> _WORK INSTRUCTIONS_
Return all of the data verbatim, dropping any picture.
───── DATA EXCERPT
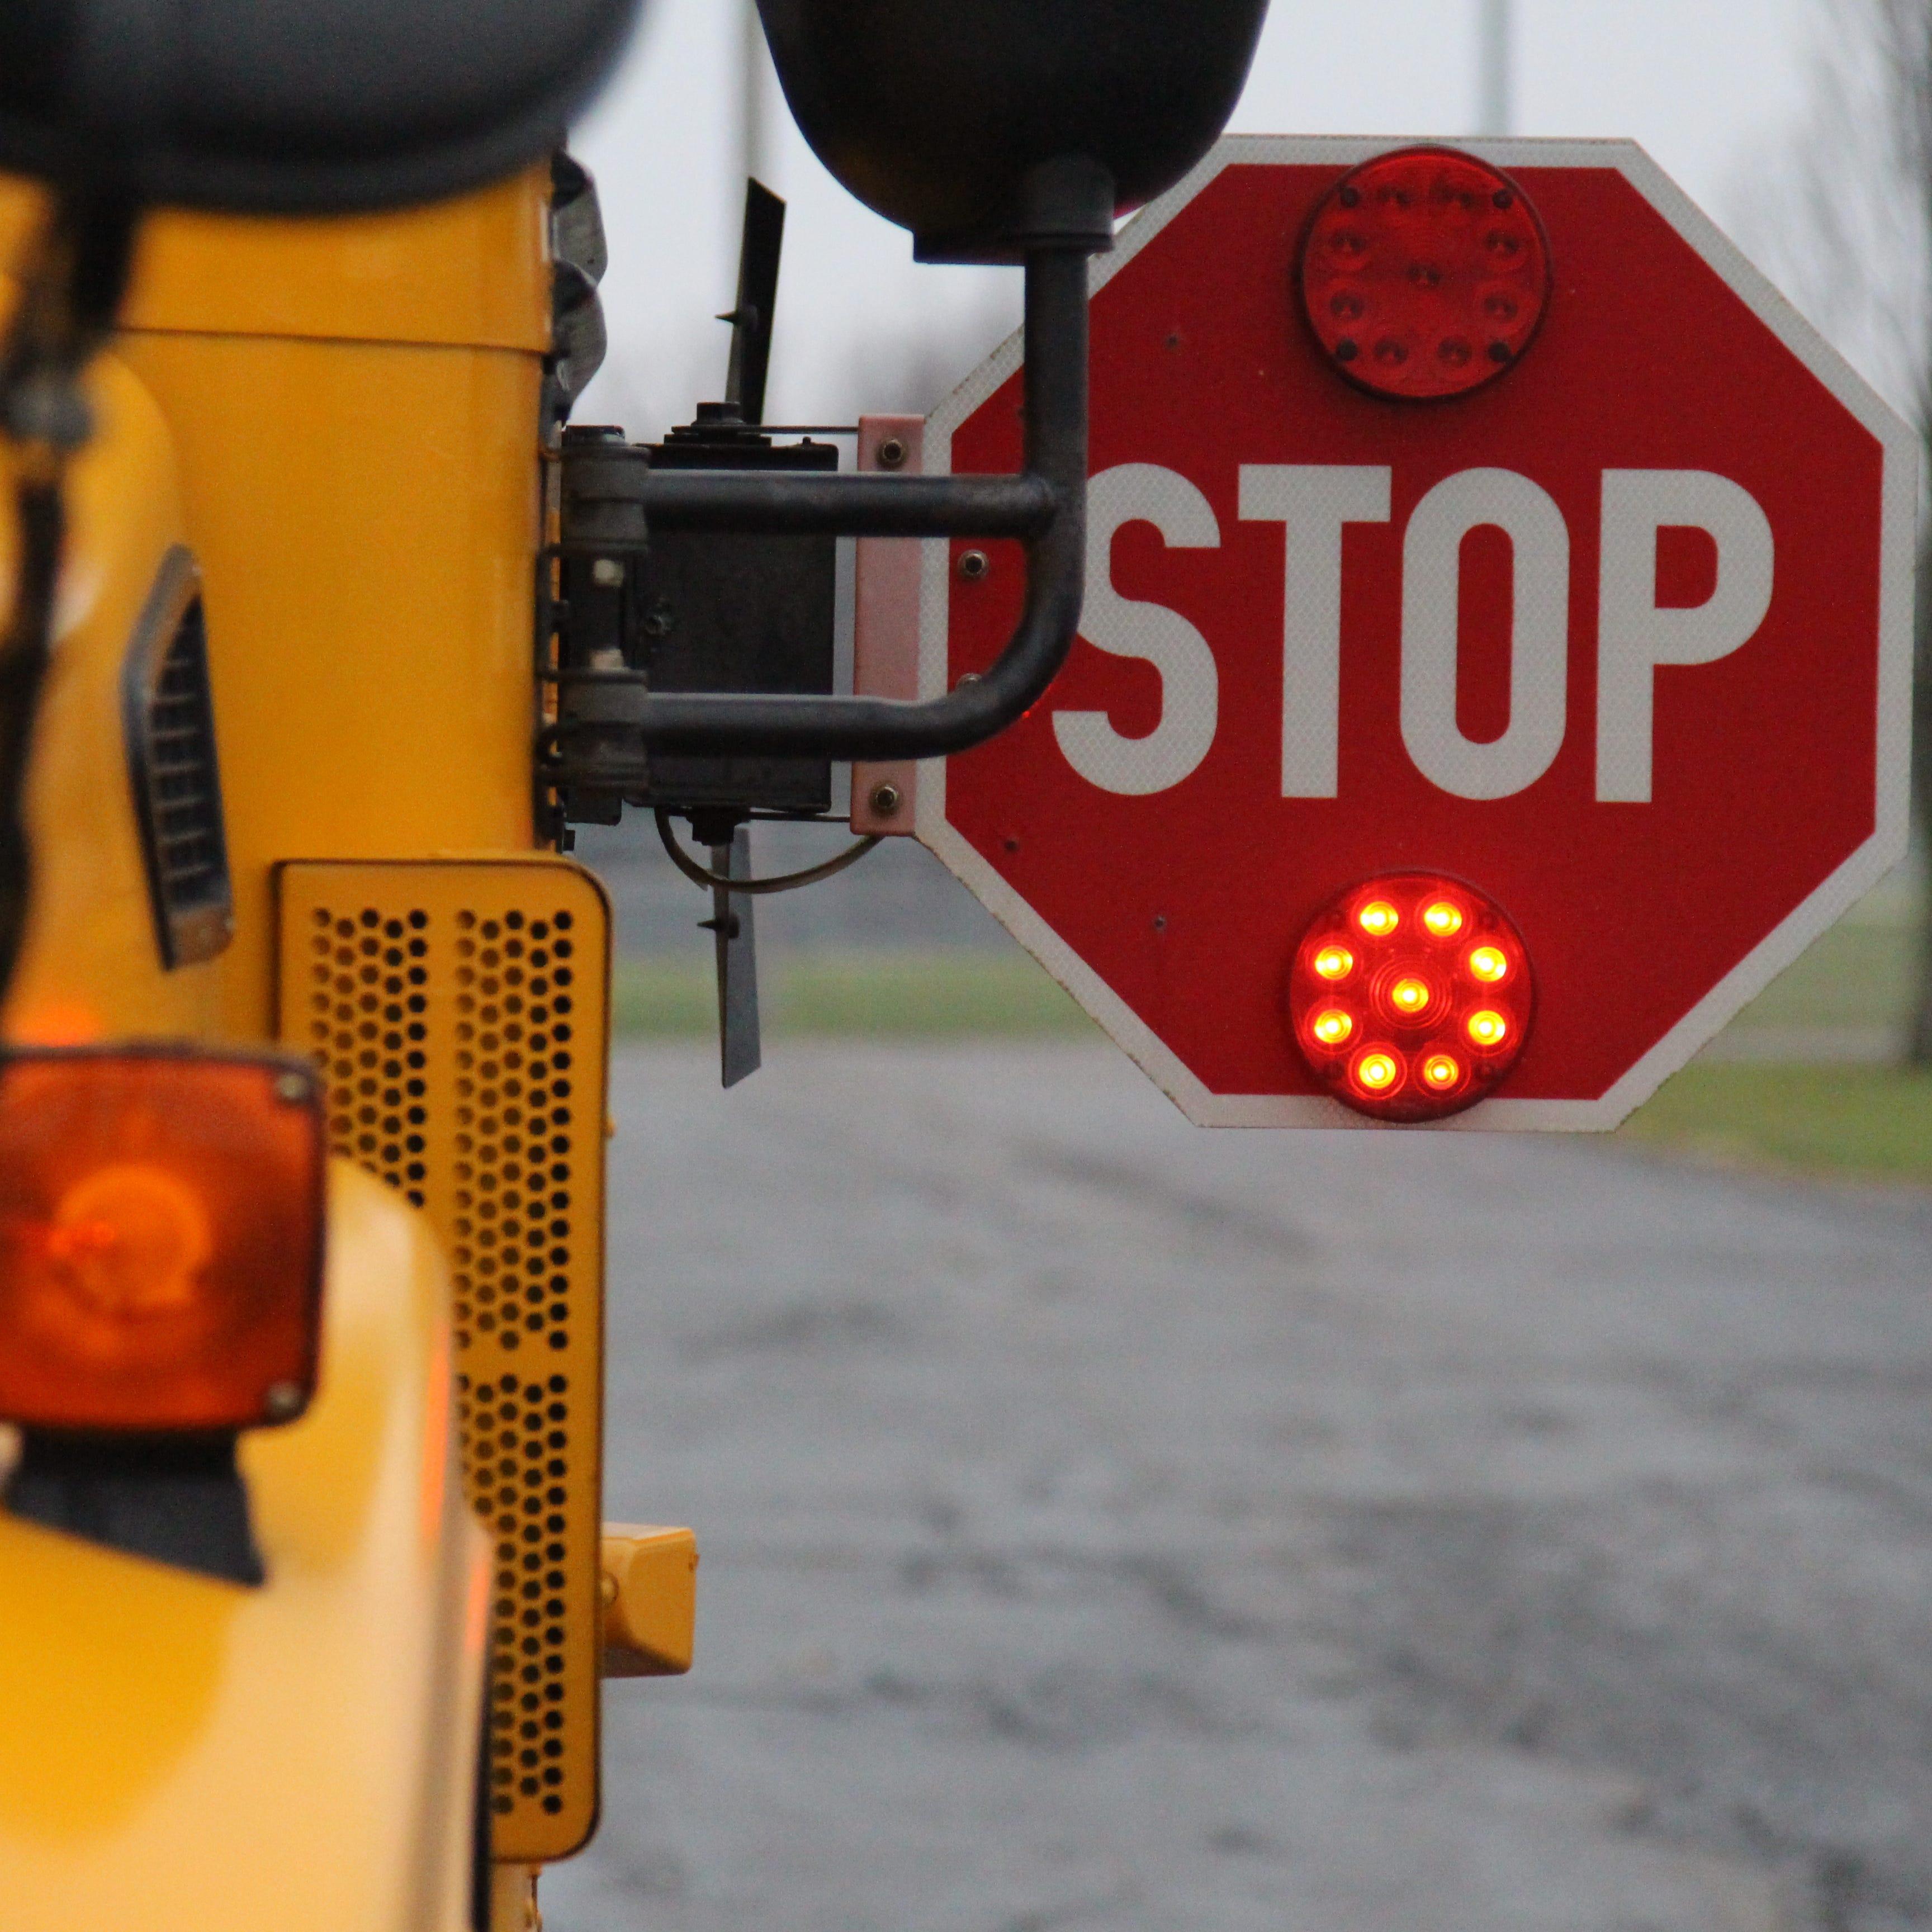 Bus cameras a 'no-brainer' for school districts seeking to catch violators
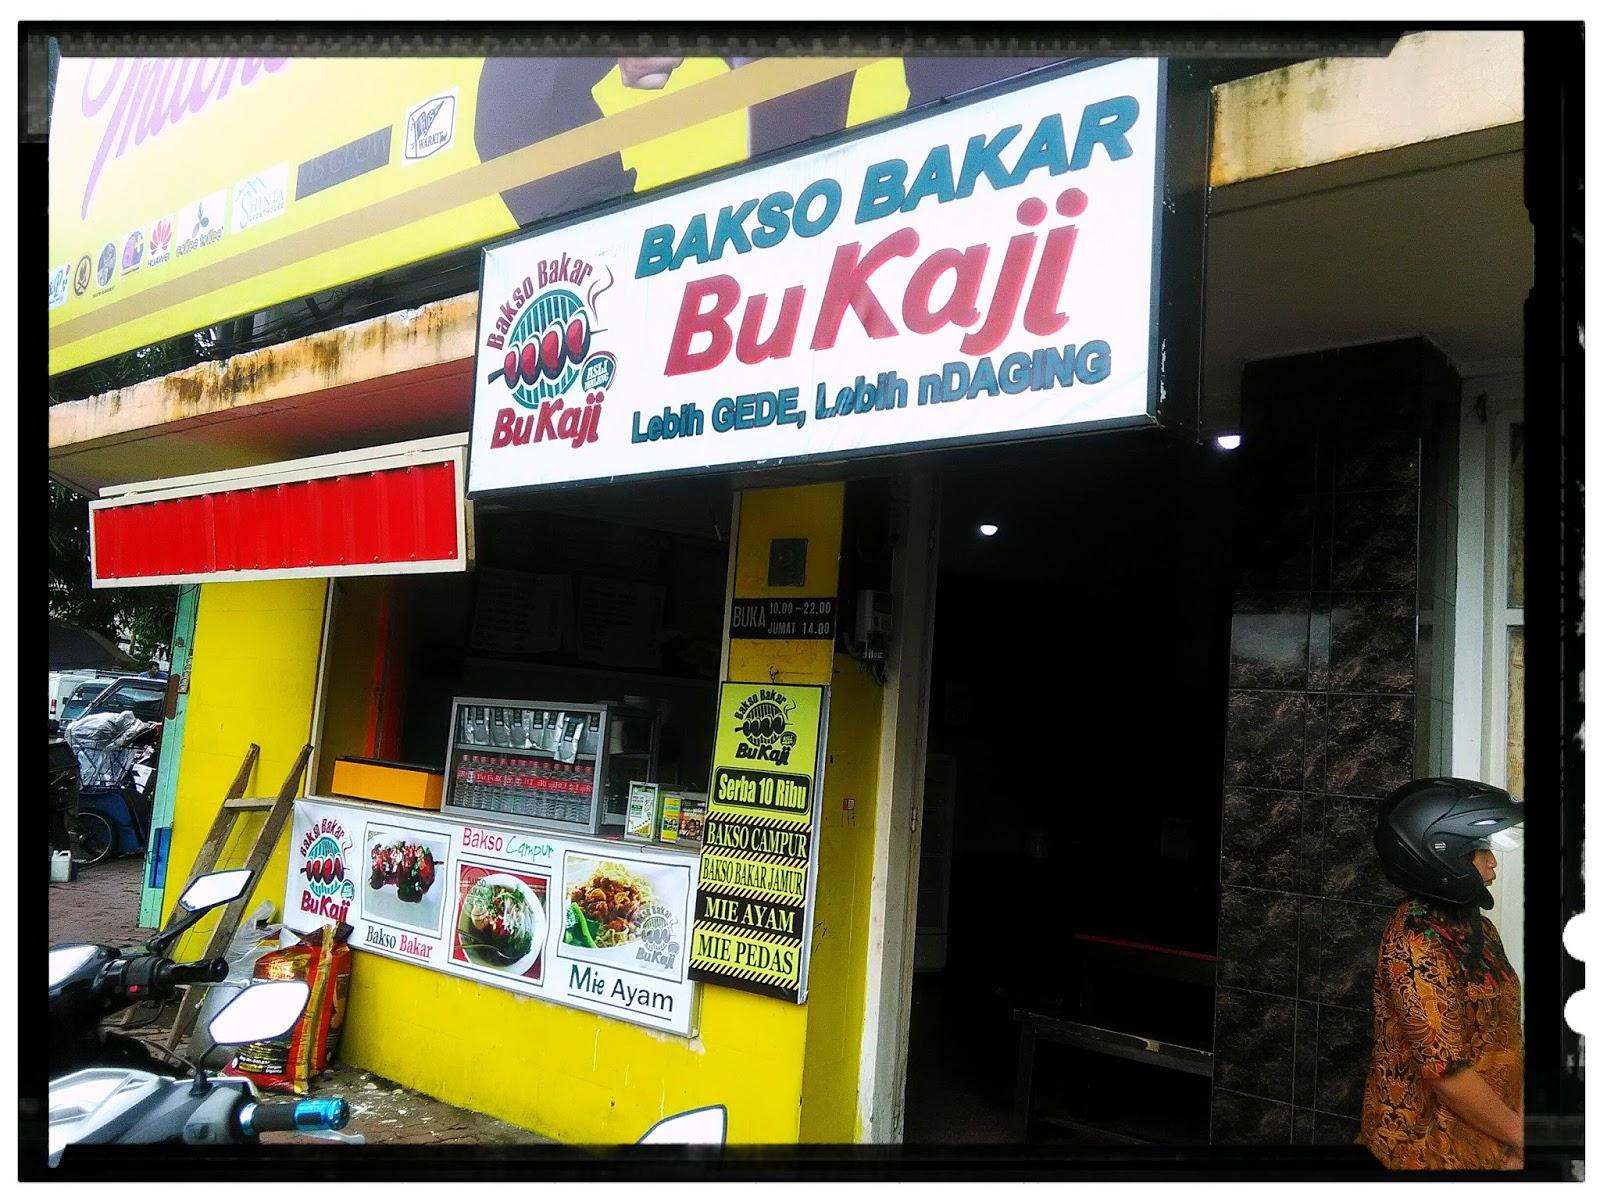 Bakso Bakar Bu Kaji Legenda Daging Sapi Kota Malang Malang Local Guides
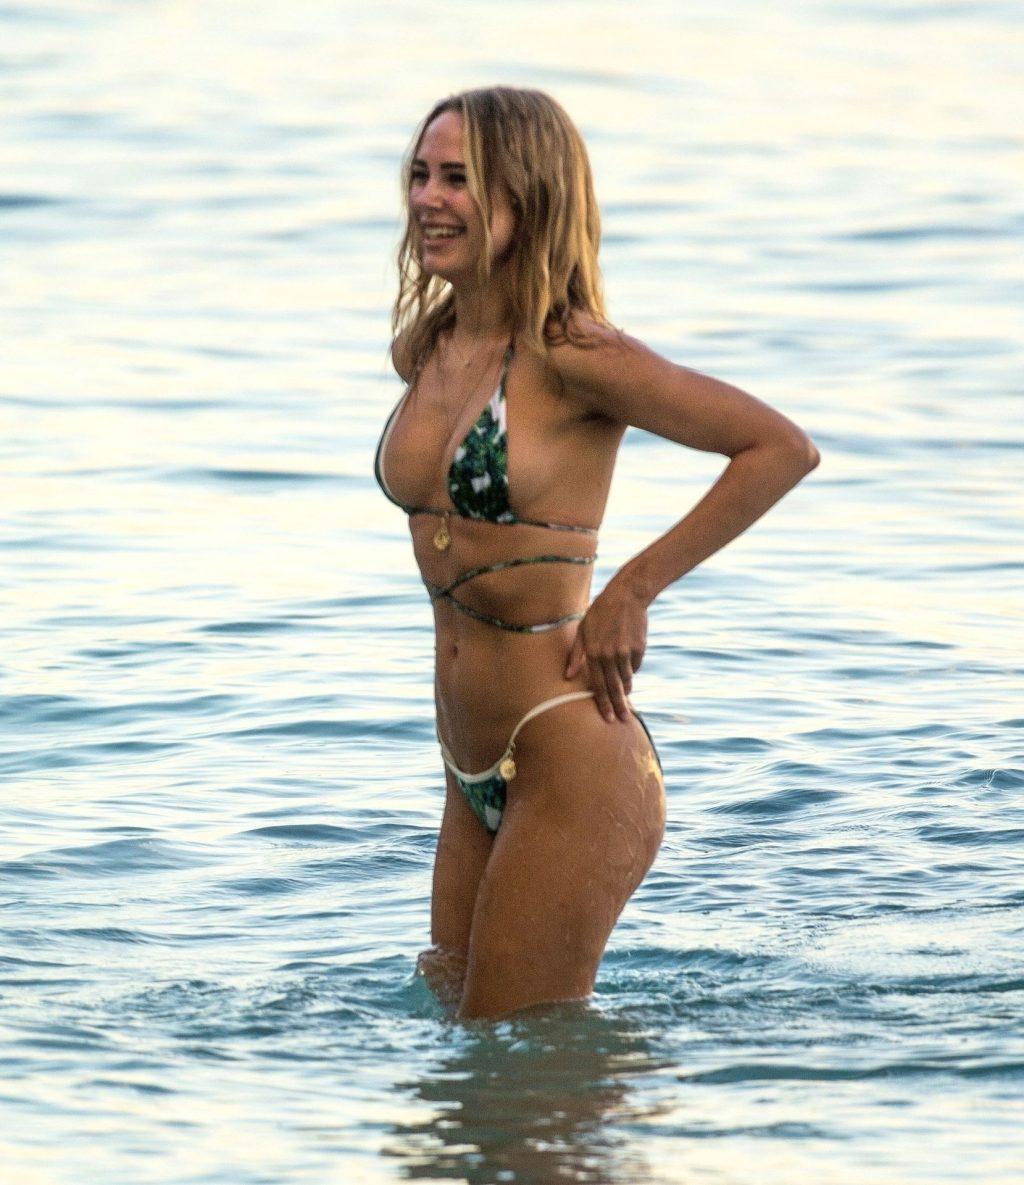 Kimberley Garner Stunts on the Beach in Her Palm Printed Bikini (63 Photos)
──────────
> _RESULT_
 Bus cameras a 'no-brainer' for school districts seeking to catch violators
 Bakso Bakar Bu Kaji Legenda Daging Sapi Kota Malang Malang Local Guides
 Kimberley Garner Stunts on the Beach in Her Palm Printed Bikini (63 Photos)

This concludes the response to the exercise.